● **TASK DIRECTIONS**: Write out, word for word, each line from the start of the entries through the one holding "Stadtverkehr Bayreuth (Tagverkehr)"; omit the pictures.

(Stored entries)

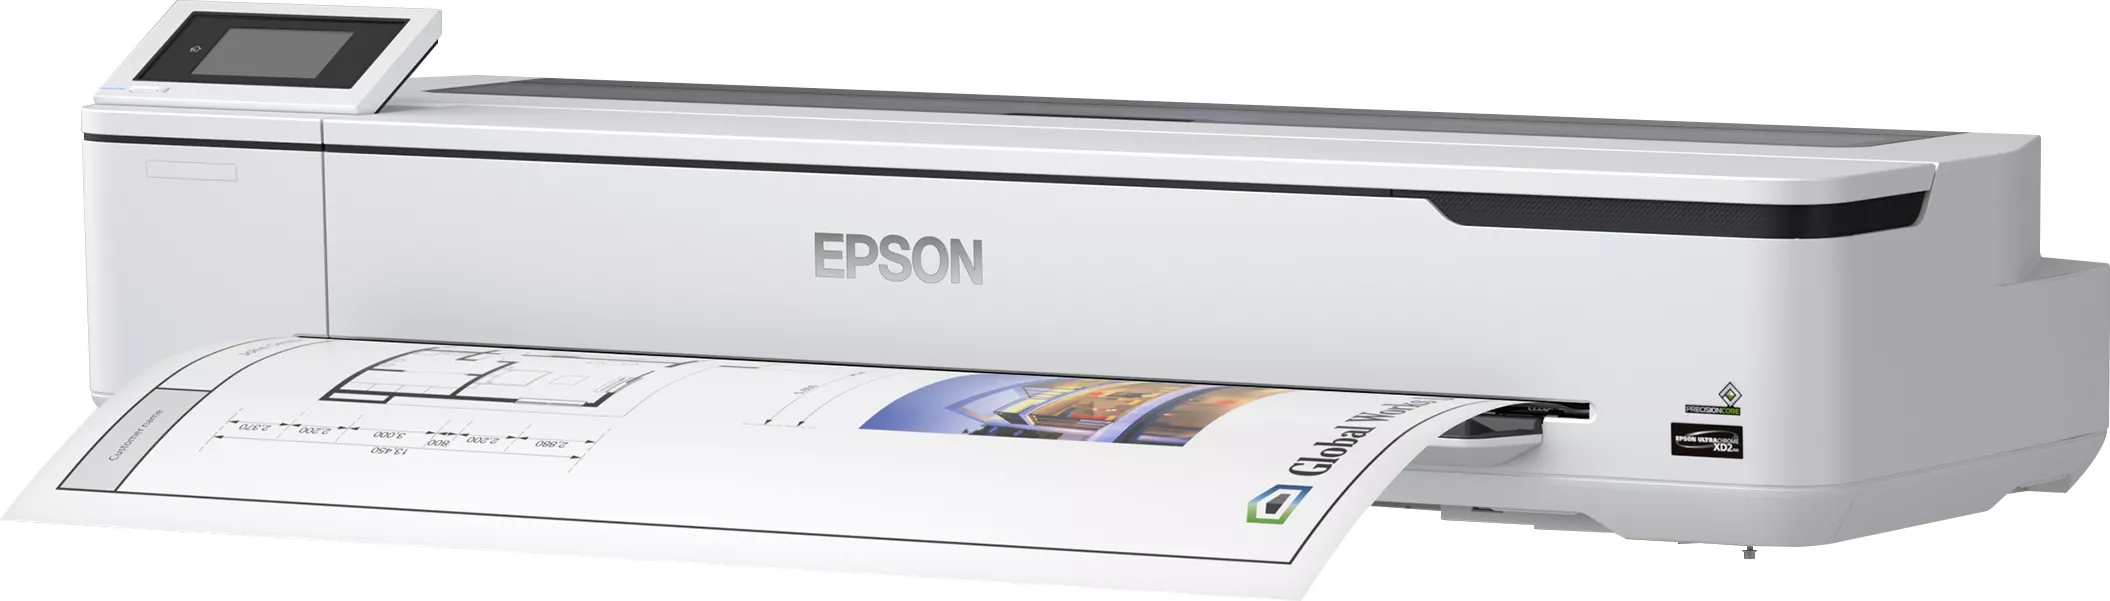 Vente EPSON SureColor SC-T5100N no stand 36inch Epson au meilleur prix - visuel 2
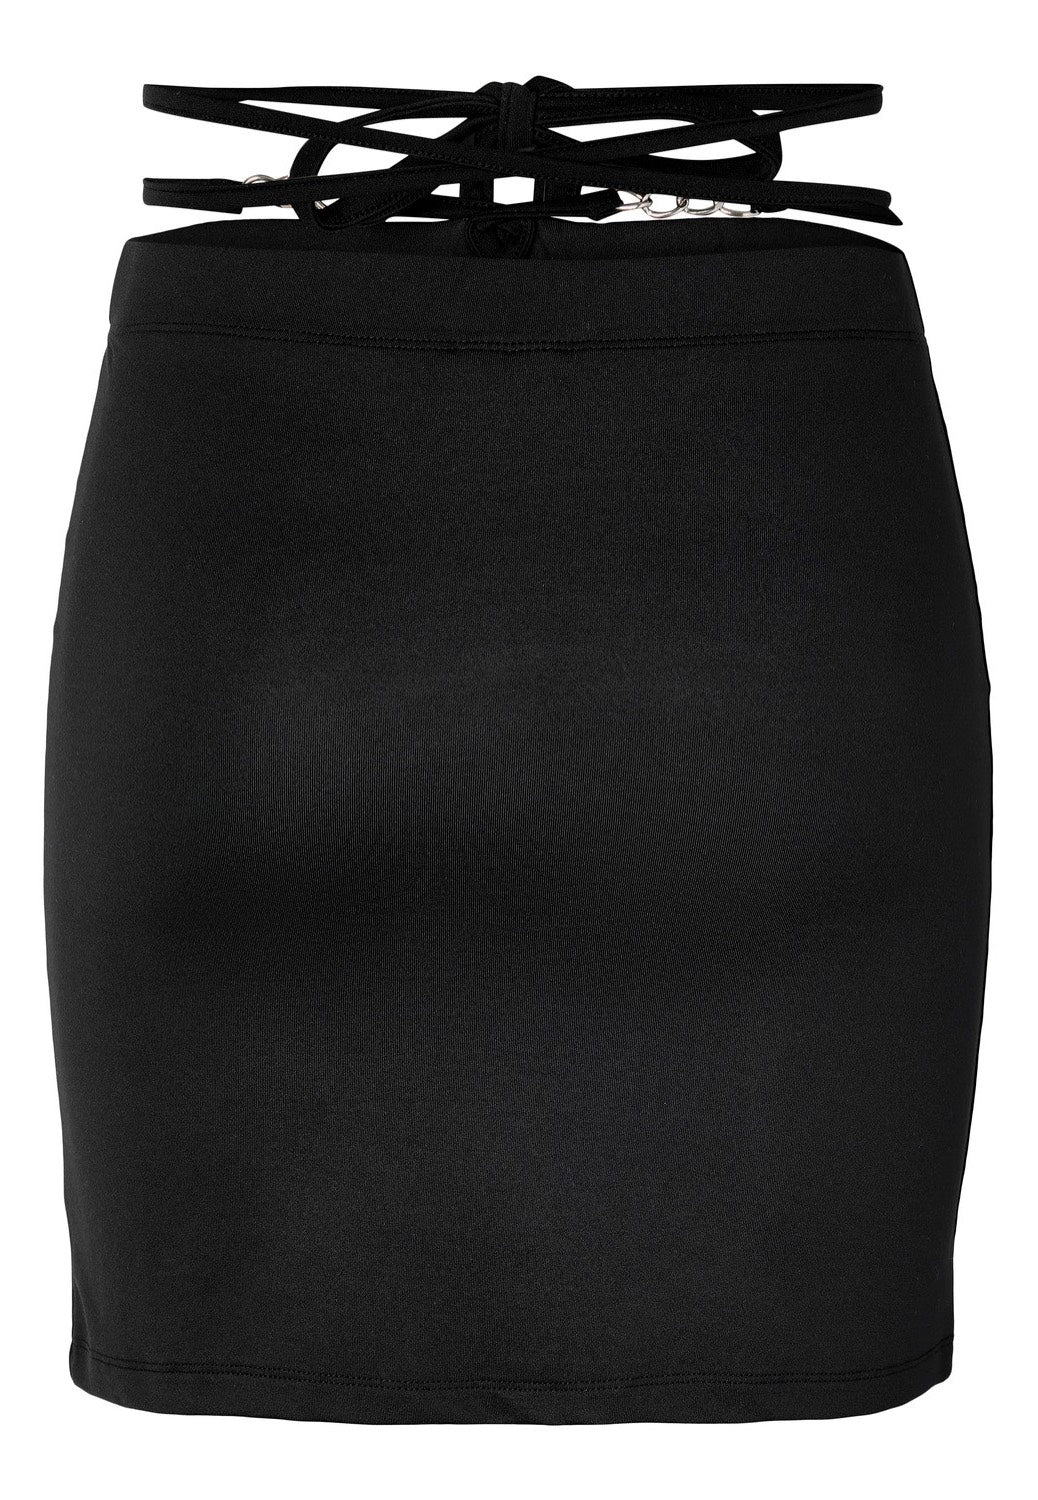 Noisy May - Celeste Chain Details Black - Skirt
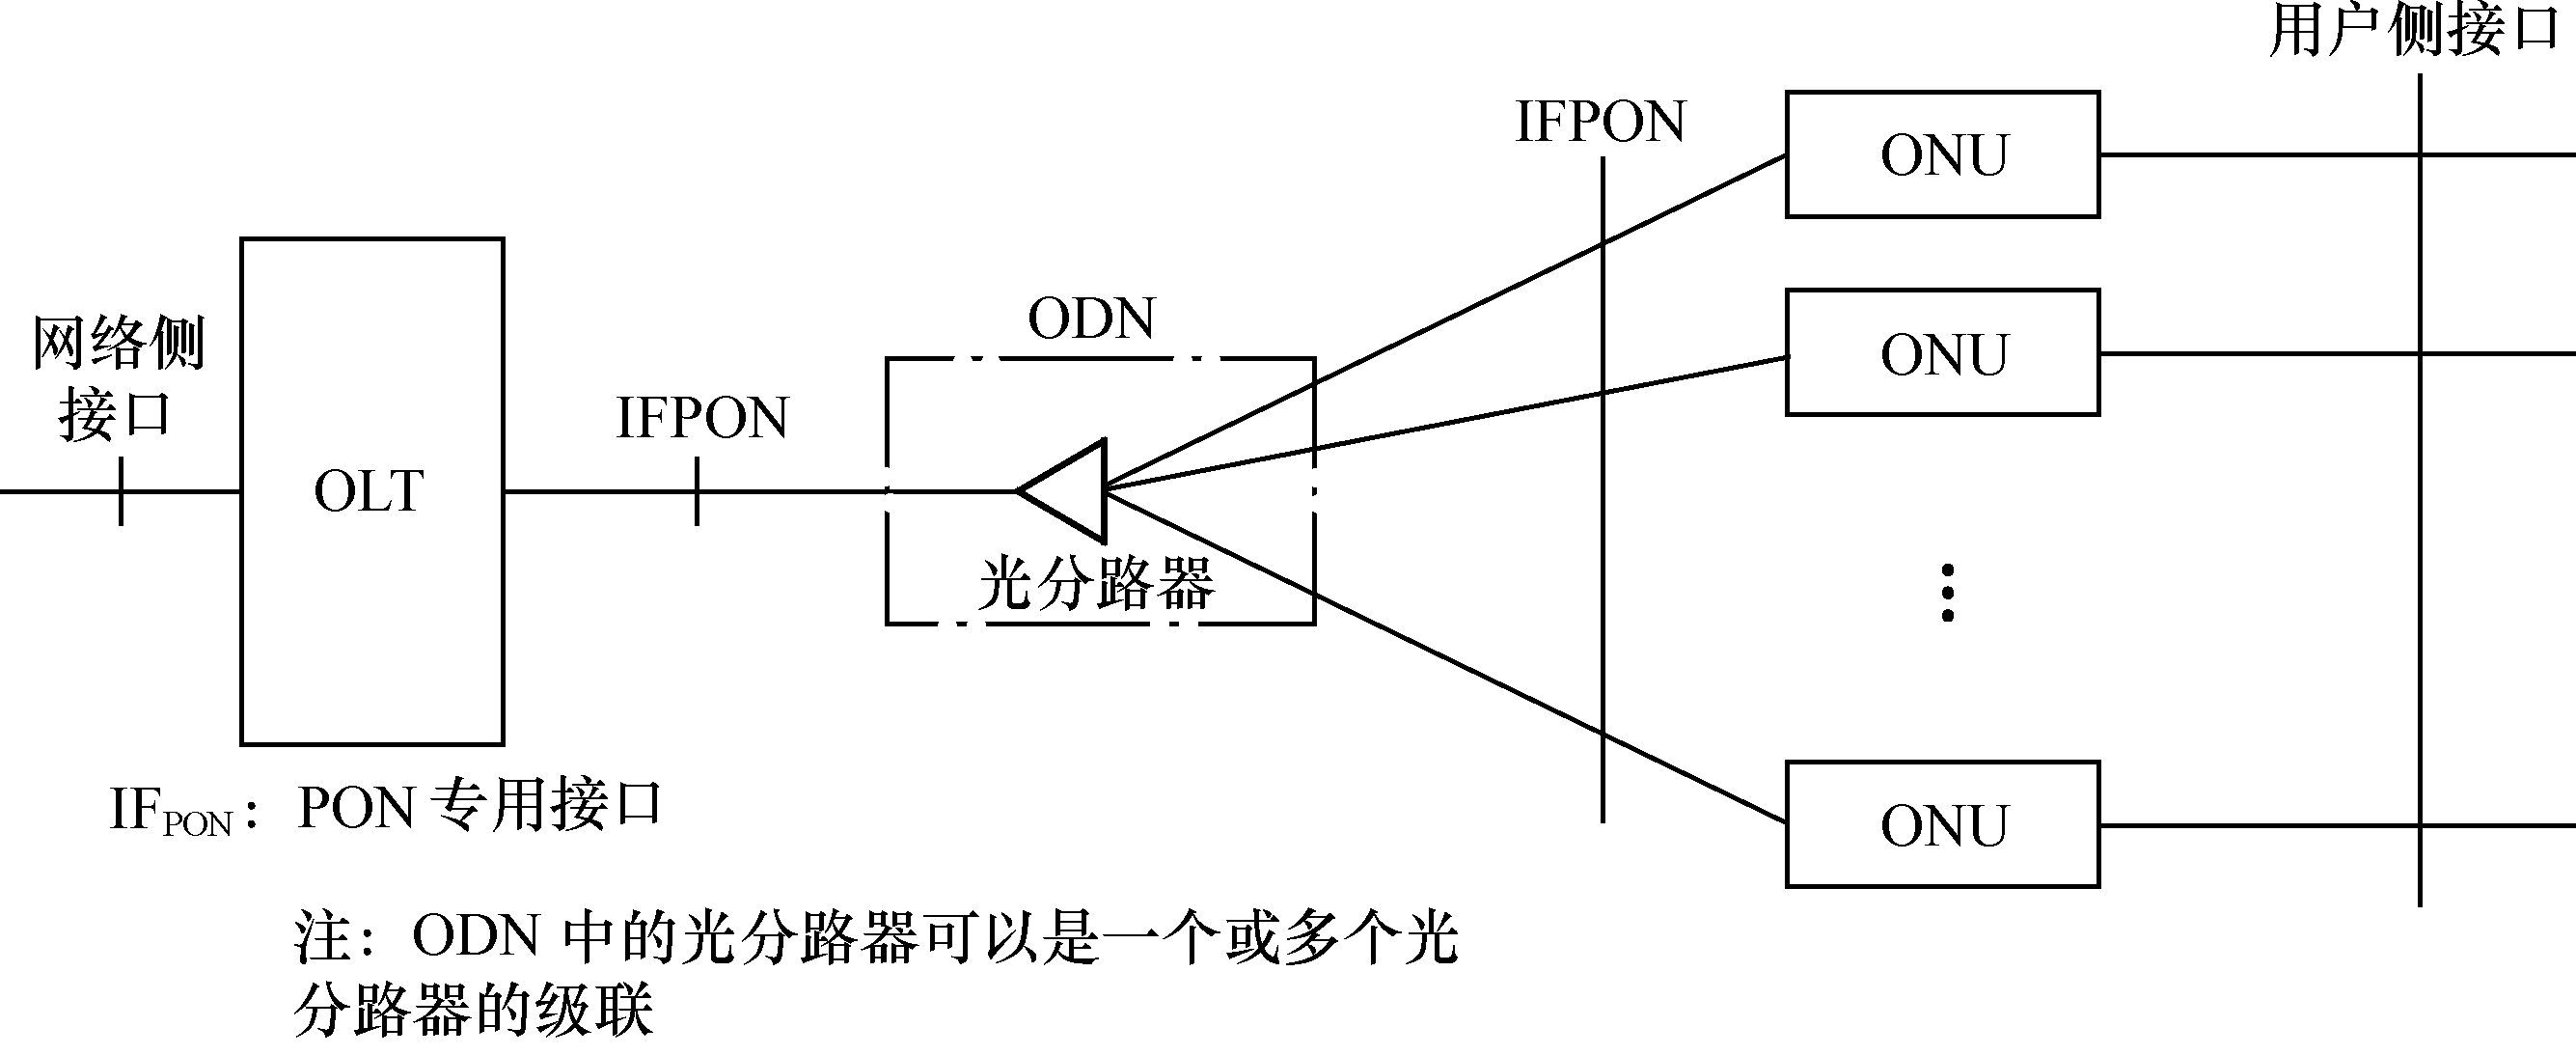 圖1.11  PON系統參考結構
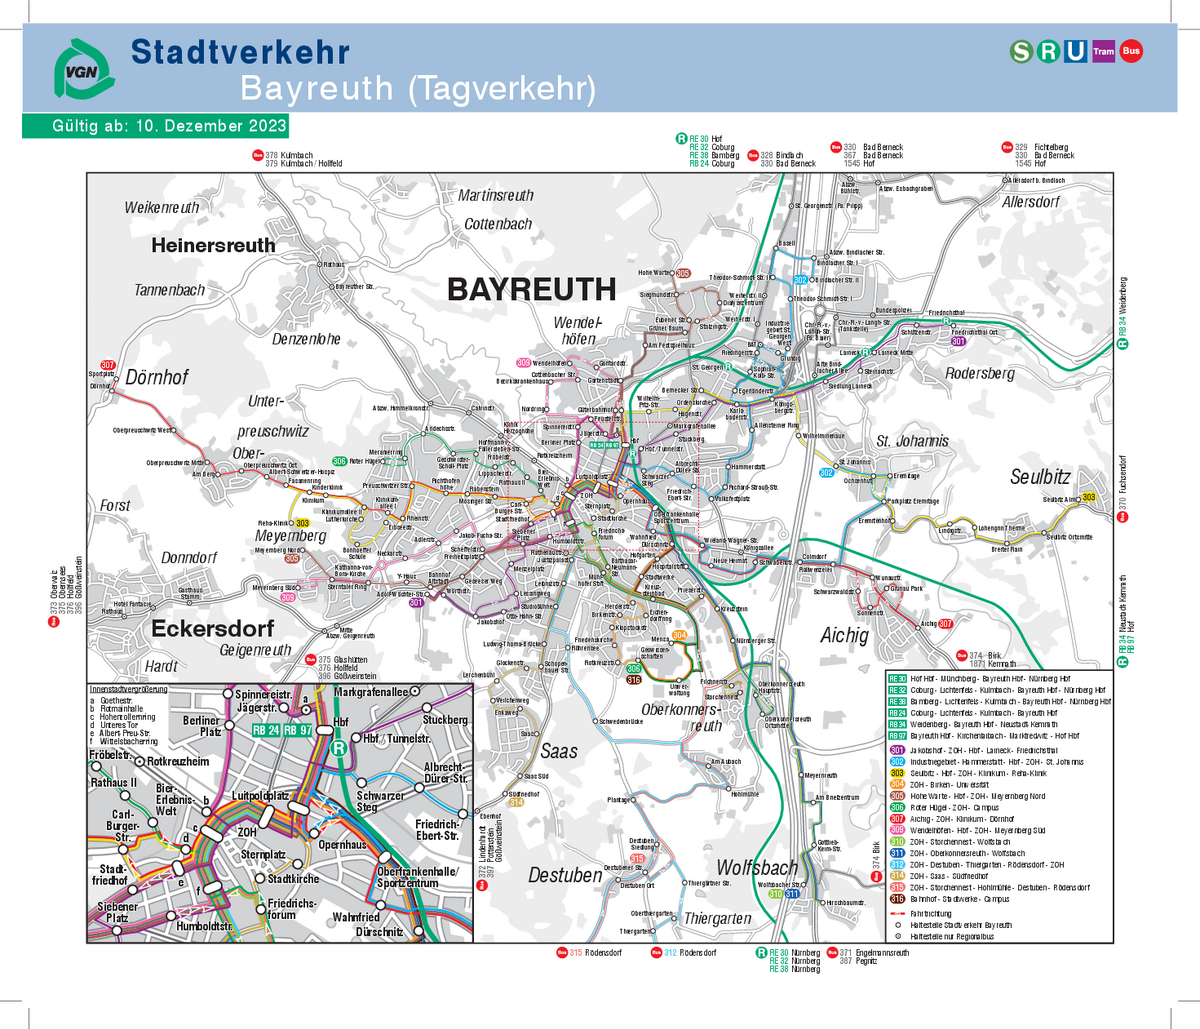 Stadtverkehr Bayreuth (Tagverkehr)
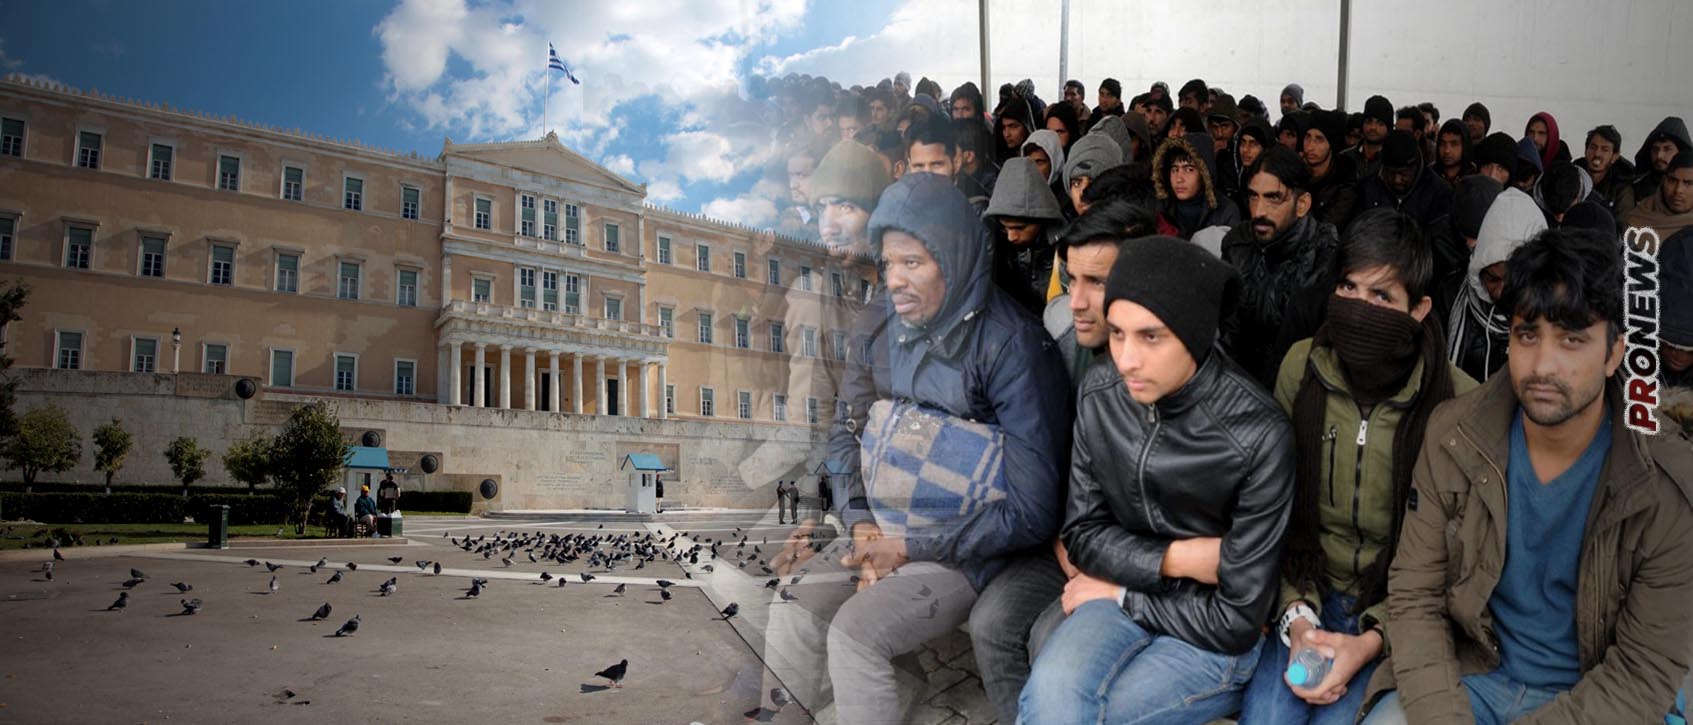 «Ελλάς-Ελλήνων», οριστικά τέλος: Ψηφίστηκε η νομιμοποίηση των παράνομων μεταναστών – «Αβρόχοις ποσί» για ΝΔ η διαφωνία Α.Σαμαρά

● **RESPONSE BELOW**:
 Vente EPSON SureColor SC-T5100N no stand 36inch Epson au meilleur prix - visuel 2
 Noisy May - Celeste Chain Details Black - Skirt
 圖1.11  PON系統參考結構
 Stadtverkehr Bayreuth (Tagverkehr)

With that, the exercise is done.